La clave estaba ahí: “mala, llena, loca”. Se demoraba el remate del cante hasta soltar todo su pathos en un aliento sin final. Se piensa que su forma plena es una soleá del Mellizo, pero en la boca de Caracol remite directamente a Macandé, un cantaor gitano al que, se dice, visitaba en el manicomio, en la casa de los locos. Las soleares de Enrique el Mellizo las remata Caracol así: “Le ruego a mi Dios le ruego, le ruego a mi Dios que me alivie las duquelas que terela mi corazón, con qué fatiga yo le ruego, terela mi corazón”. Para mí es una cumbre del arte gitano y del flamenco, por supuesto. El melodrama, la historia familiar y la crisis psiquiátrica se nos aparecen con dos evocaciones, dos improntas geniales. Ayuda el hecho de tener a Melchor de Marchena a la guitarra. Pone todos los acentos que siempre coinciden con los del castellano hablado. Ese remate abre el cante a la emoción. Las funciones mágicas de la astrología las ha heredado el psicoanálisis, de quiromante a psiquiatra; Caracol no se embarga con la emoción. La versión de Pericón de Cádiz también es emocionante, llena de sosiego. “¿Dónde estabas ‘metía’, ‘dirme’, dónde estabas ‘metía’? que yo te llamaba a voces y que tú a mí no me respondías, ‘momaíta’ de mi ‘arma’, que dime dónde estabas ‘metía’”. Este remate no deja de mantener el tema en la novela familiar de Macandé, pero tiene otros matices. La madre –el flamenco es un matriarcado– omnipresente también da un giro dramático al simplificado análisis psicológico. “Me importa poco que un pájaro en la alameda se mude de un árbol a otro”, o “A mí me daban fatiguitas de locura cuando de ti me acordaba”; con estos adornos remata su interpretación Porrina de Badajoz. Podríamos seguir con las variantes de Juan Talega o de Rafael Farina, todas con letras distintas aunque dependientes del “loco” o “macandé” que protagoniza la letra principal. Efectivamente, los gitanos andarríos han aportado a nuestro léxico esta versión “despatológica” de la locura.
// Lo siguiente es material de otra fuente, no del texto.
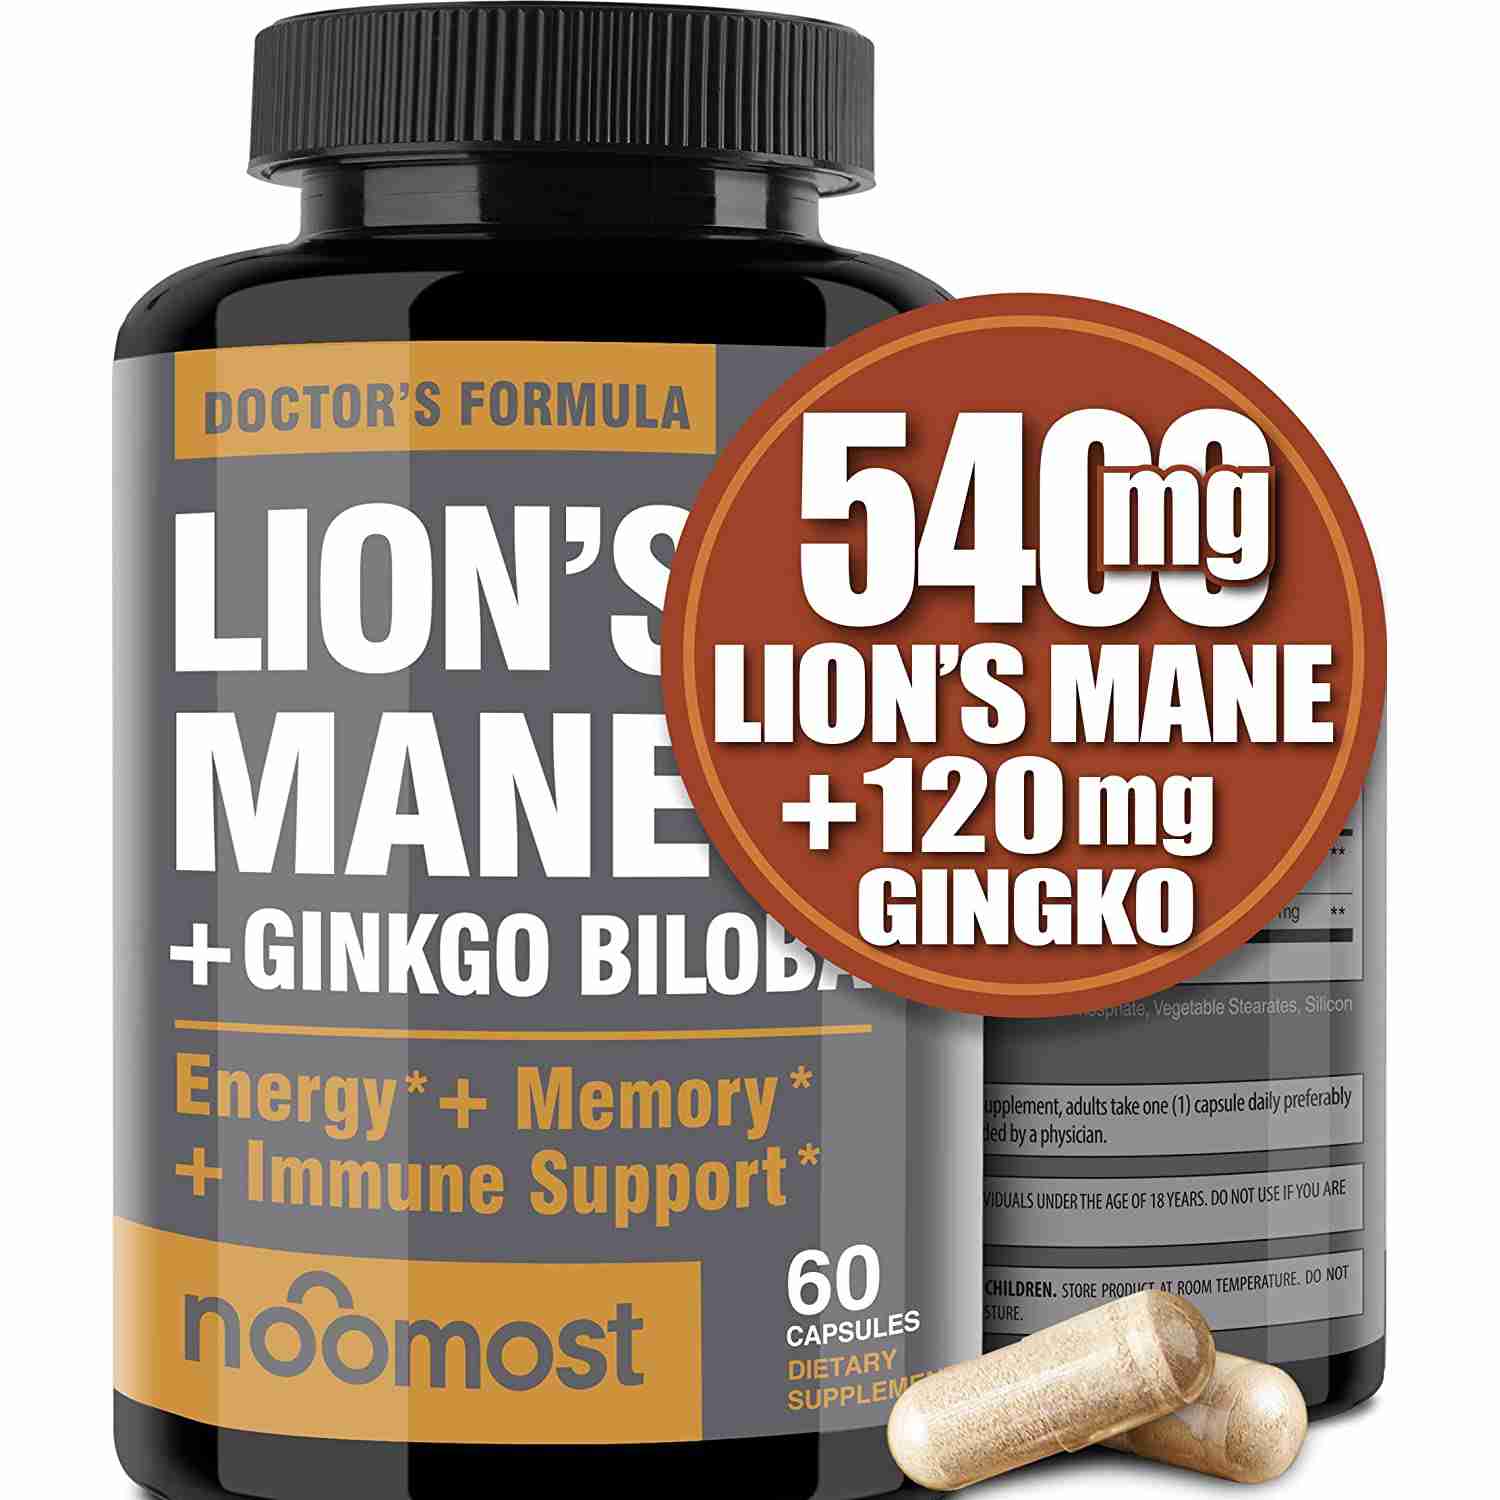 lions-mane-supplement with cash back rebate

En “Hierro y níquel” Los Planetas entendieron bien las posibilidades de la letra flamenca como forma alternativa de narrar la historia familiar decimonónica. El folletín, la gran novela del XIX, en paralelo a la institución de la Historia, escrita así, con mayúsculas, como forma hegemónica de entender el mundo, construye nuestras ilusiones biográficas, la continuidad psicológica del sujeto, la épica de una existencia construida entre las turbulencias del dinero, el sexo y el poder que acaba definiendo una vida.
La canción moderna, desde el cuplé o la folk song, ha seguido, curiosamente, este modelo. Hasta en los cancioneros psicotrópicos de Bob Dylan o Lou Reed se da esta continuidad –si acaso desquiciada– del yo como protagonista de una canción, de una novela, de una vida.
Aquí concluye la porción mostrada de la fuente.